The following lines indicate valid calls to BNGenerator:

java -classpath .;colt.jar BNGenerator -nNodes 20 - maxDegree 3 -nBNs 1 - fName example: Generates one Bayesian network with 20 binary nodes and stores the network in the file example1.xml . Every node has a maximum degree of 3. Before the final network is saved, 1600 transitions are performed (using the default 4*20*20).

The resulting network is here.

java -classpath .;colt.jar BNGenerator -nNodes 20 - maxDegree 3 -nBNs 1 - maxArcs 25 -fName example

Same as previous example, but with a limit on the number of arcs (limited to 25). The resulting network is here.

java -classpath .;colt.jar BNGenerator -nNodes 20 - maxDegree 3 -nBNs 10 -nVal 5 -nTransitions 10000 - fName example: Generates ten Bayesian networks with 20 nodes. Each variable has 2 to 5 values. The networks are saved in files exampleX.xml, where X goes from 1 to 10. Every node has a maximum degree of 3. Between any two networks are saved (and before the first network is saved), 10000 transitions are performed.

One of the resulting networks is here.

java -classpath .;colt.jar BNGenerator - nNodes 20 -maxDegree 3 - nBNs 1 - fName example: Generates one Bayesian network with 20 binary nodes and stores the network in the file example1.xml . Every node has a maximum degree of 3. Before the final network is saved, 1600 transitions are performed (using the default 4*20*20).

The resulting network is here.

java -classpath .;colt.jar BNGenerator - nNodes 20 -maxDegree 3 - nBNs 1 - structure singly - fName example

Same as the last one, but now the program is constrained to generate a polytree.
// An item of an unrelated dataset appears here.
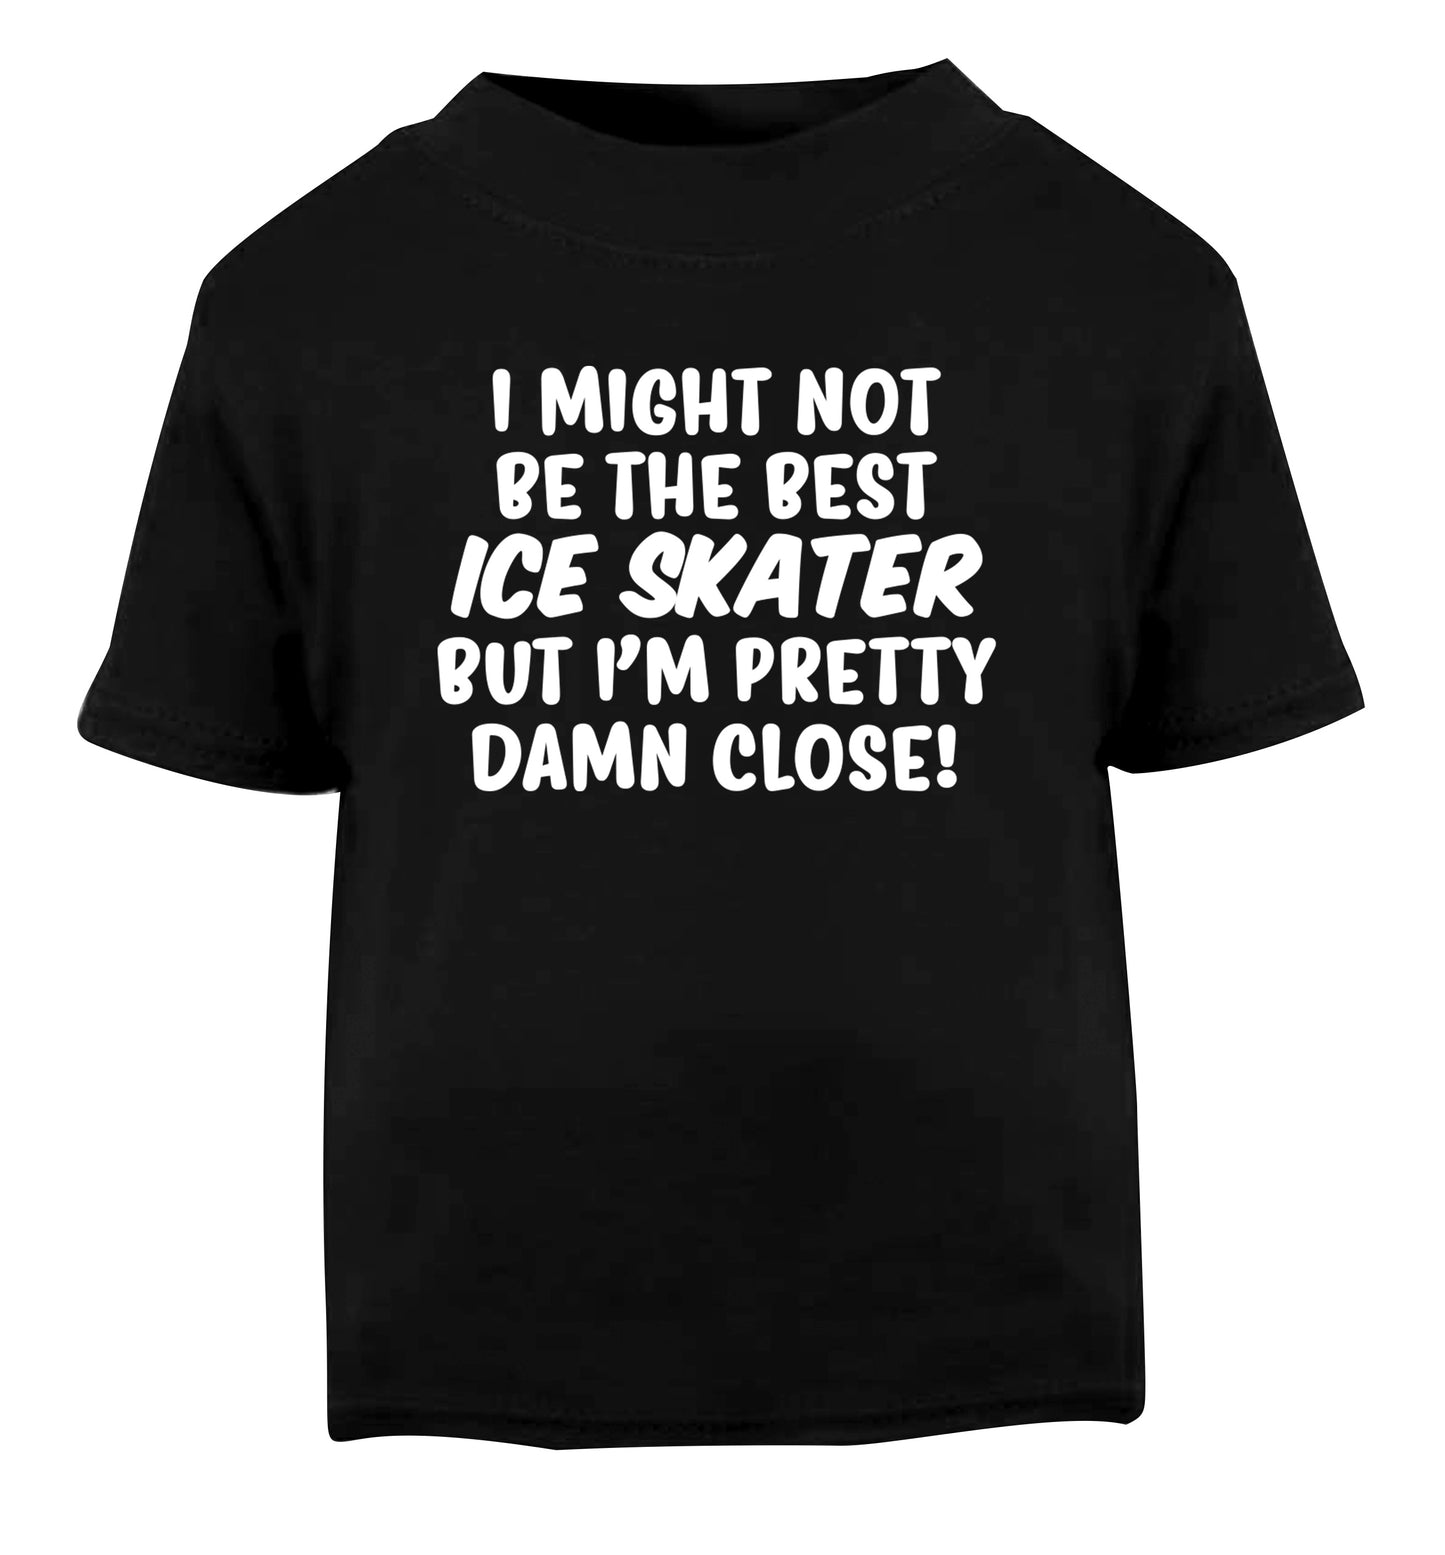 I might not be the best ice skater but I'm pretty damn close! Black Baby Toddler Tshirt 2 years

The resulting network is here.

java -classpath .;colt.jar BNGenerator - nNodes 15 -maxDegree 14 - nBNs 1 - fName example -structure pmmixed -maxIW 2: Generates one Bayesian network with 15 binary nodes and stores the network in the file example1.xml. The network has a maximum heuristic width of 2 (computed using the minimum weight heuristic implementation of EBayes). Heuristic width is calculated instead of induced width because of computational complexity (details in the paper ).

The resulting network is here.

Acknowledgments

We thank Nir Friedman for suggesting the Dirichlet distribution method, and Robert Castelo for pointing us to Melançon et al's work. We thank Guy Melançon for confirming that the idea of constructing connected directed acyclic graph was sound and for making his DagAlea software available. We also thank Jaap Suermondt and Alessandra Potrich for providing important ideas, and Y. Xiang, P. Smets, D. Dash, M. Horsh, E. Santos, and B. D'Ambrosio for suggesting valuable procedures.

This research was conducted at the Decision Making Lab at the University of Sao Paulo , with support from the funding agency FAPESP ; both institutions are in Sao Paulo, Brazil.